Leetcode -- Two-sum

information

• link：Two Sum - LeetCode
• Description：Given an array of integers nums and an integer target, return indices of the two numbers such that they add up to target. You may assume that each input would have exactly one solution, and you may not use the same element twice. You can return the answer in any order.

solution

method 1

class Solution:
    def twoSum(self, nums: List[int], target: int) -> List[int]:
        for i, v in  enumerate(nums):
            if (target-v) in nums:
                for j in range(i+1, len(nums)):
                    if nums[j] == target-v:
                        return [i,j]

The function of the outside loop is to traverse nums.

At the fourth line, it judges whether v's complement is in nums. If it is true, it will go in the second loop to find the index of v's complement.

the same idea but a little different ( by myself )

class Solution:
    def twoSum(self, nums: List[int], target: int) -> List[int]:
        for i, v in  enumerate(nums):
            if (target-v) in nums and nums.index(target-v) != i:
                return [i, nums.index(target-v)]
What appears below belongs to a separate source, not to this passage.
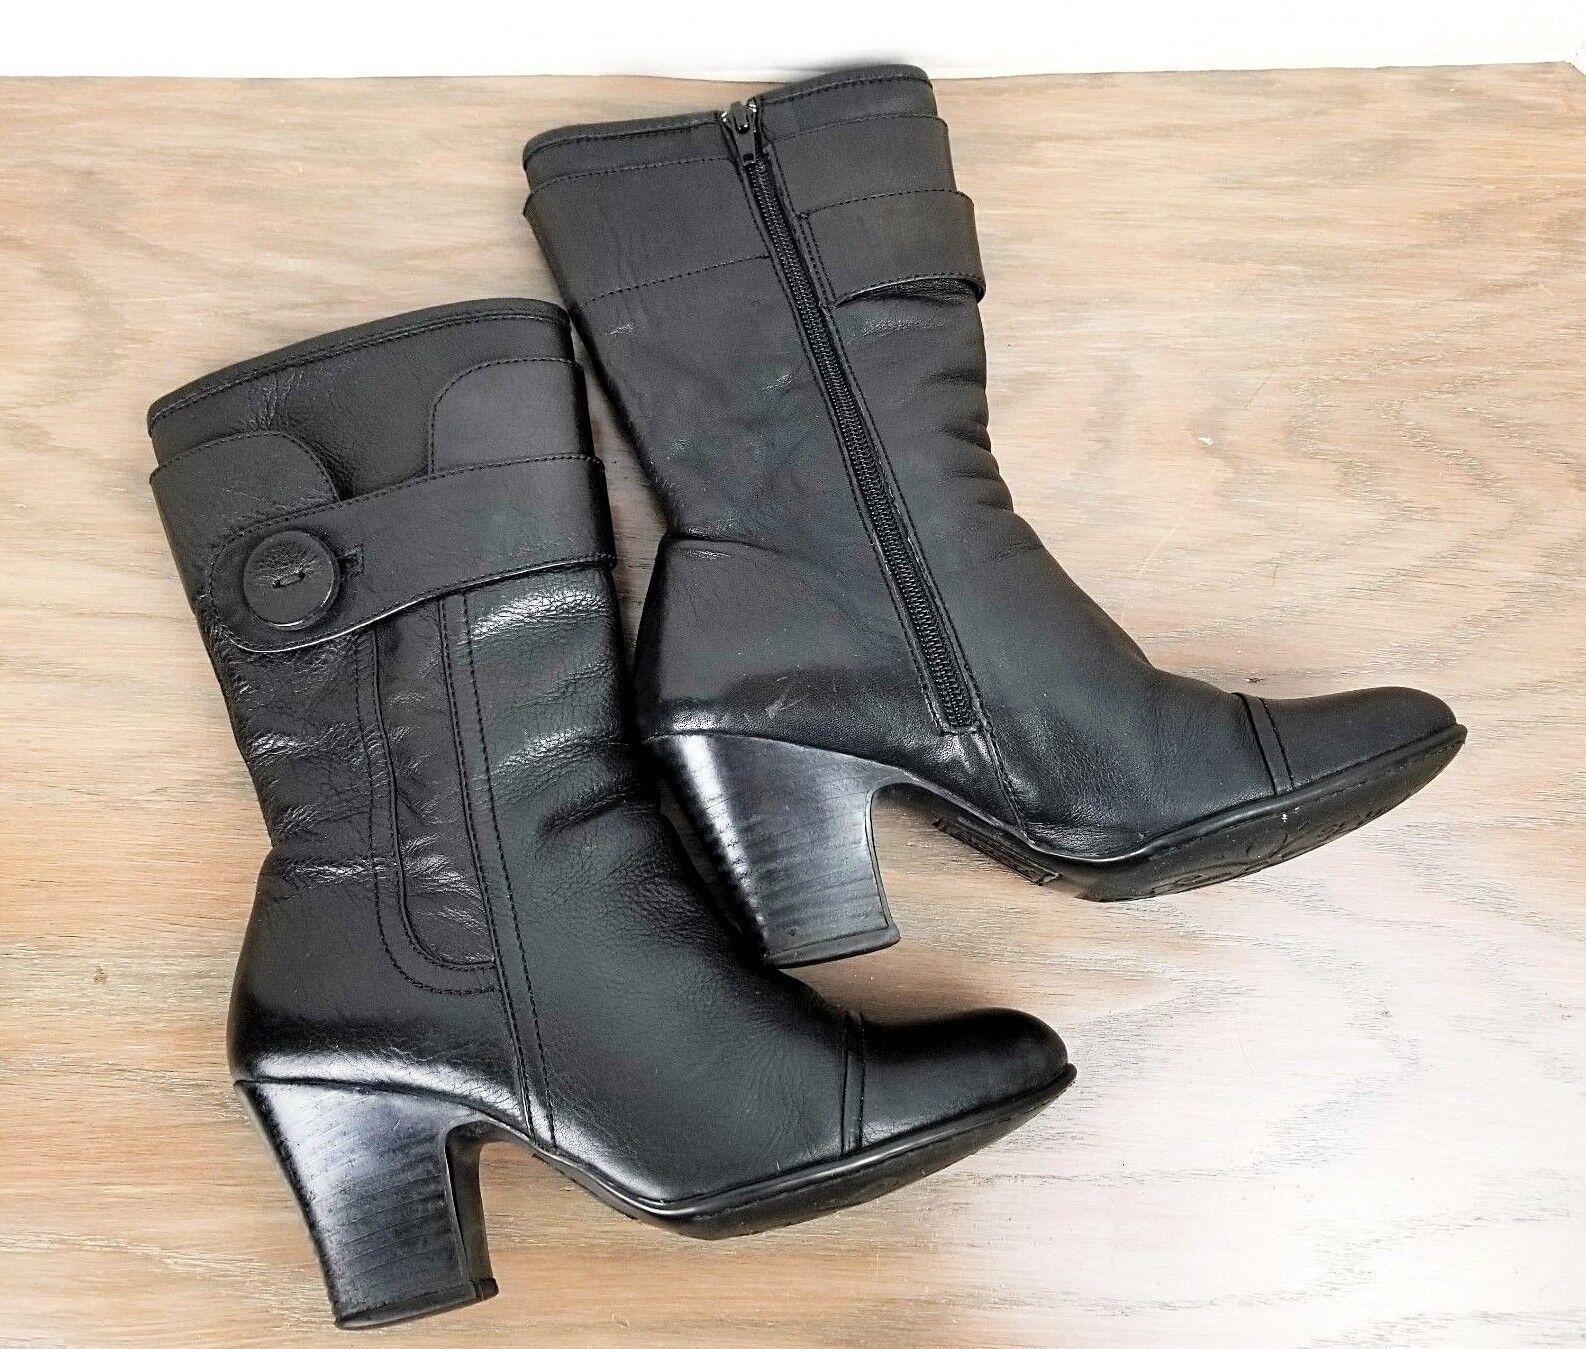 BORN BORN BORN Leather Boots women size 7 Black Button detail zip up Mid Calf c89055

the same idea but a little different ( by the official solution )

class Solution:
    def twoSum(self, nums: List[int], target: int) -> List[int]
        for i in range(len(nums)):
            for j in range(i+1 , len(nums)):
                if i+j == target:
                	  return [i,j]
        return []​

However, all above are O(n^2).

method 2

class Solution:
    def twoSum(self, nums: List[int], target: int) -> List[int]
        hashmap = {}
        for i in range(len(nums)):
            hashmap[nums[i]] = i
        for i in range(len(nums)):
            if target-nums[i] in hashmap and hashmap[target-nums[i]] != i:
                return [i, hashmap[target-nums[i]]]

In python, dictionary is hashtable. Therefor, it can improve O(n) to almost O(1) when we search it.

method 3

class Solution:
    def twoSum(self, nums: List[int], target: int) -> List[int]
        hashmap = {}
        for i in range(len(nums)):
            if target-nums[i] in hashmap:
                return [hashmap[target-nums[i]], i]
            hashmap[nums[i]] = i

This concept is that it tries check elements while inserting them into the hashtable.

In this way, we need to search forward. The clever part is that the previous elements is stored in the hashtable (hashmap)，so what we need to do is check if the complement is in hashtable and what is its index. And since the current number hasn't been inserted yet, it avoids retrieving the same number.